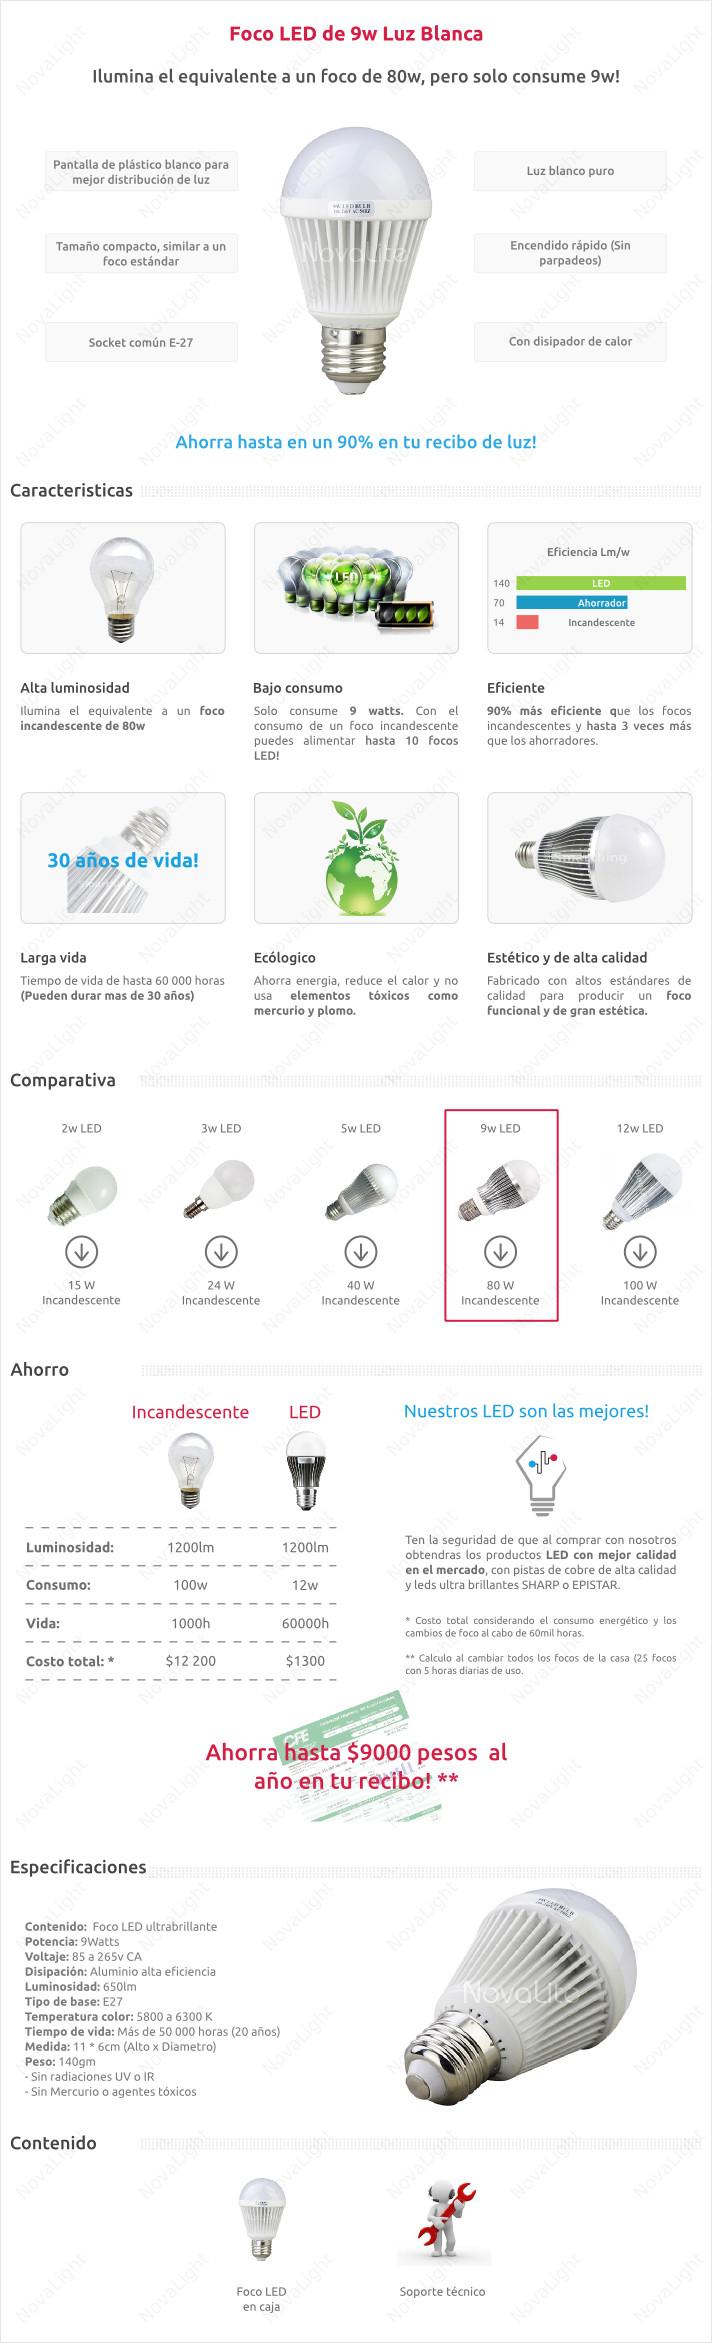 Descripción del Foco LED Blanco Puro de 5w
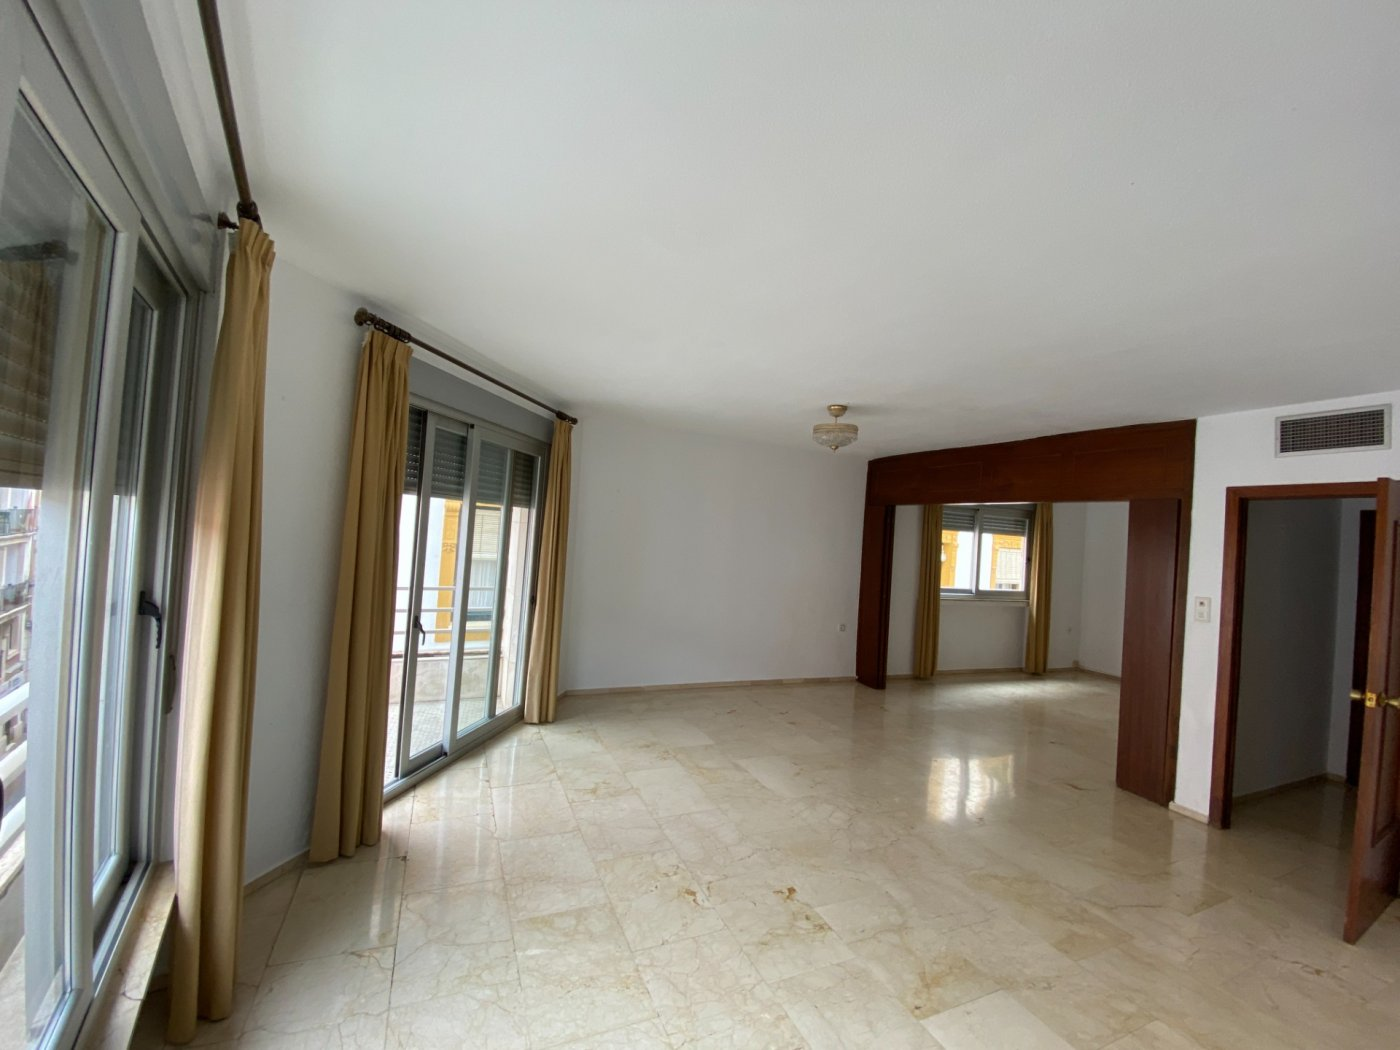 Gran piso en pleno centro exterior junto a la plaza de las tendillas - imagenInmueble0
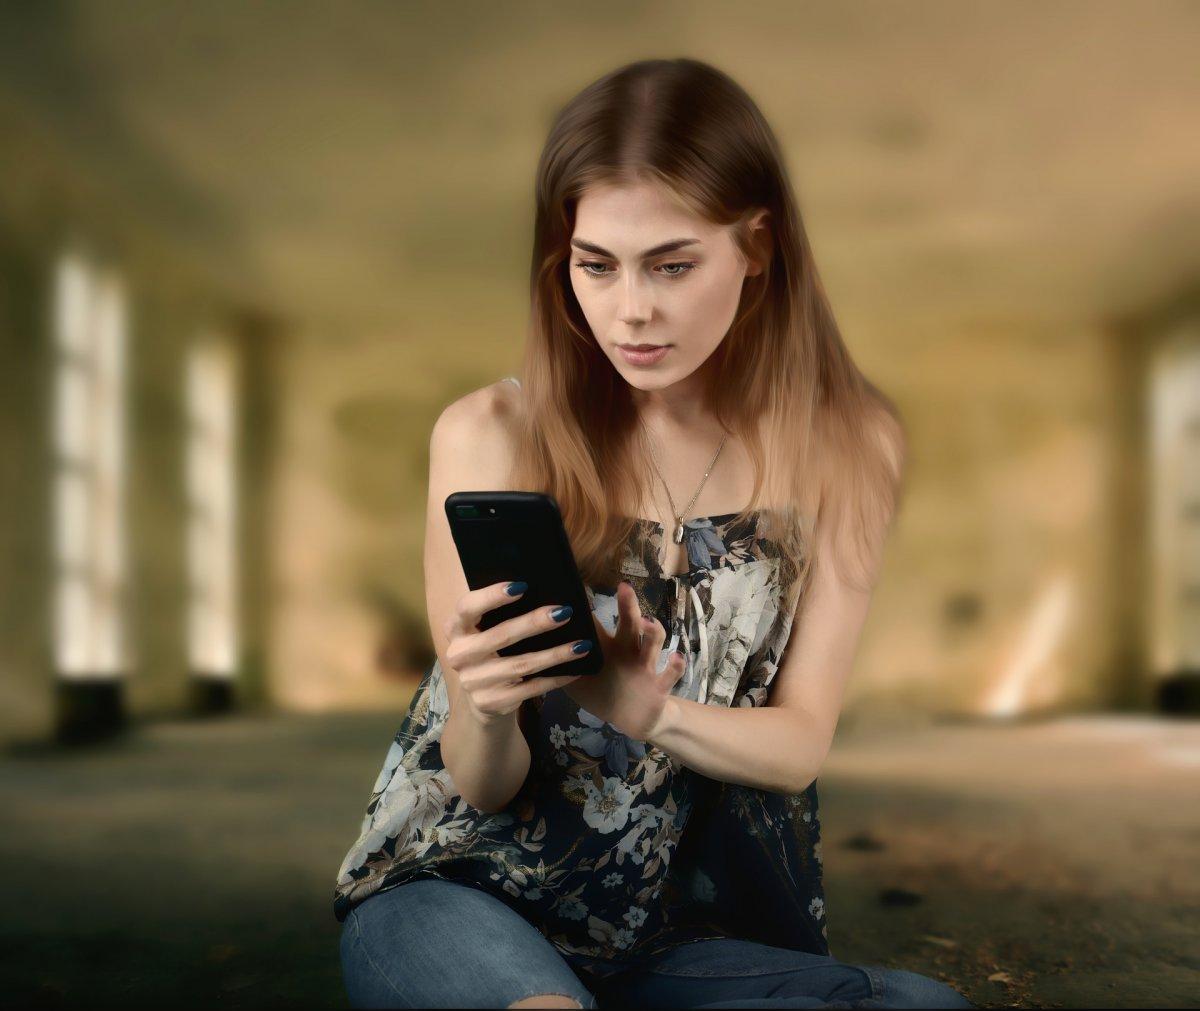 """KORONAWIRUS: Osoby w kwarantannie będą namierzane specjalną aplikacją na telefon. Zobacz, jak działa """"Kwarantanna Domowa"""""""
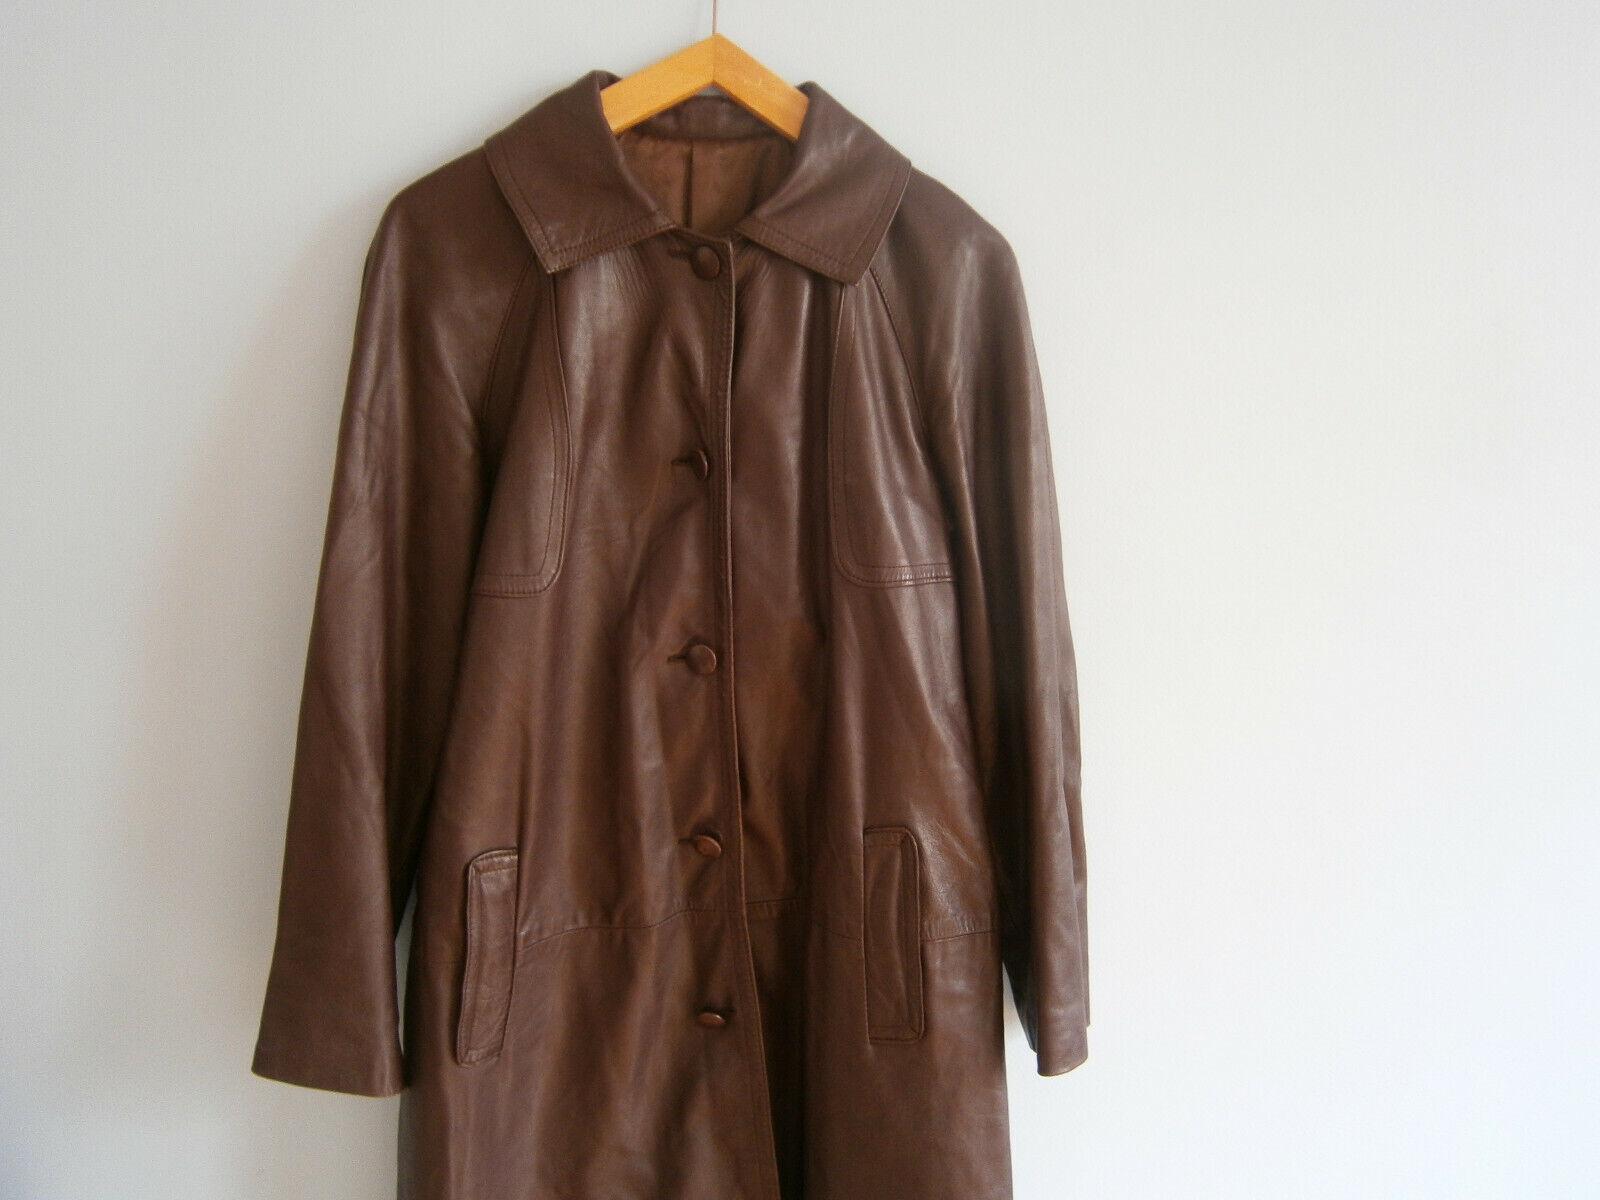 Manteau cuir nappa 38 sublime style celine phoebe philo

DIRECTIONS — Nothing but the lines from the line with "Gran piso en" through the last line of the listing above should be repeated, and pictures should be left out.

OUTPUT BELOW —
 Gran piso en pleno centro exterior junto a la plaza de las tendillas - imagenInmueble0
 """KORONAWIRUS: Osoby w kwarantannie będą namierzane specjalną aplikacją na telefon. Zobacz, jak działa """"Kwarantanna Domowa"""""""
 Manteau cuir nappa 38 sublime style celine phoebe philo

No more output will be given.